I want to pass a std::unique_ptr to the constructor of a class that will take ownership of the data owned by the std::unique_ptr.

Are there any differences between the approaches foo and bar below in terms of how the compiler handles them that would make one of them preferable?

foo class:

template <class T>
class foo
{
    std::unique_ptr<T> data_;

public:
    foo(std::unique_ptr<T>&& data) :
        data_{ std::forward<std::unique_ptr<T>>(data) }
    {
    }
};

bar class:

template <class T>
class bar
{
    std::unique_ptr<T> data_;

public:
    bar(std::unique_ptr<T> data) :
        data_{ std::move(data) }
    {
    }
};

Answer 1

Binding to a reference requires one less move:

void f(std::unique_ptr<T>&& p) { g(std::move(p)); }

f(std::make_unique<T>());  // no move, g binds directly to the temporary

Binding to an object parameter requires one actual move:

void f(std::unique_ptr<T> p) { g(std::move(p)); }

f(std::make_unique<T>());  // p constructed (= moved) from temporary,
                           // g binds to p

The extra move involves one pointer copy, one setting of a pointer to null, and one destructor with a condition check.
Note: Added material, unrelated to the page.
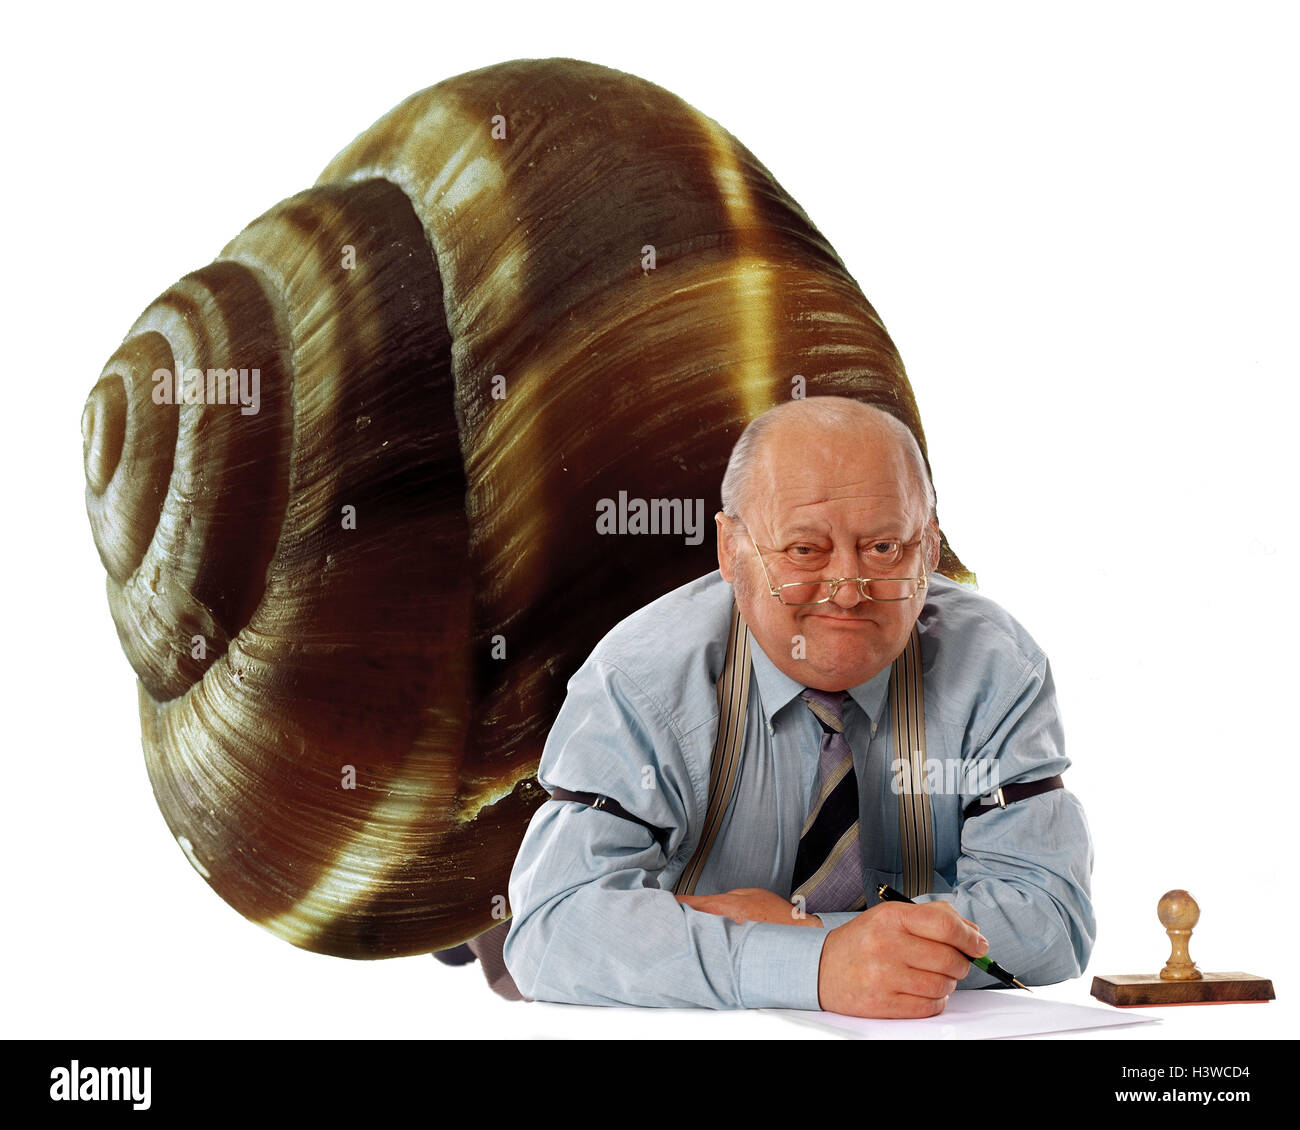 Icon, working tempo, desk, official, facial play, nail up, escargot house, Composing, professions, studio, cut out, escargot tempo, decayed, laziness, slyness, half-heartedly, listlessness, Stock Photo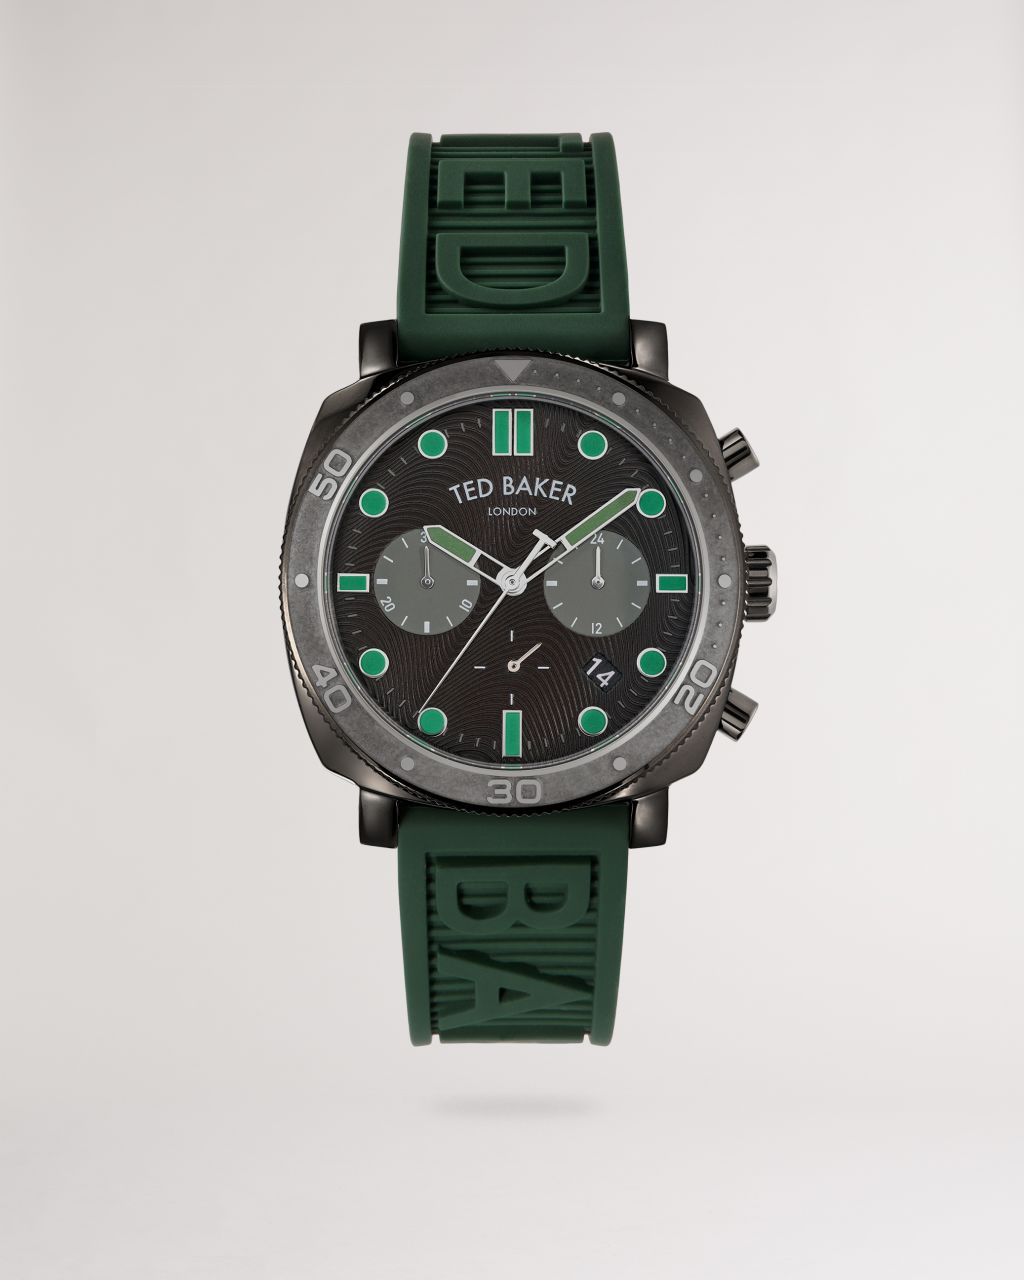 Ted Baker Silicone Strap Watch in Green RBBER, Men's Accessories

This is not a big cost, and the question of which style to use depends on the kind of code you're writing:

The more leaf your code is and the less it is used, the more the simple version with by-value passing buys you simplicity. Conversely, the more library your code is and the less you know your users, the more there is value in not imposing avoidable cost, no matter how small.

You decide.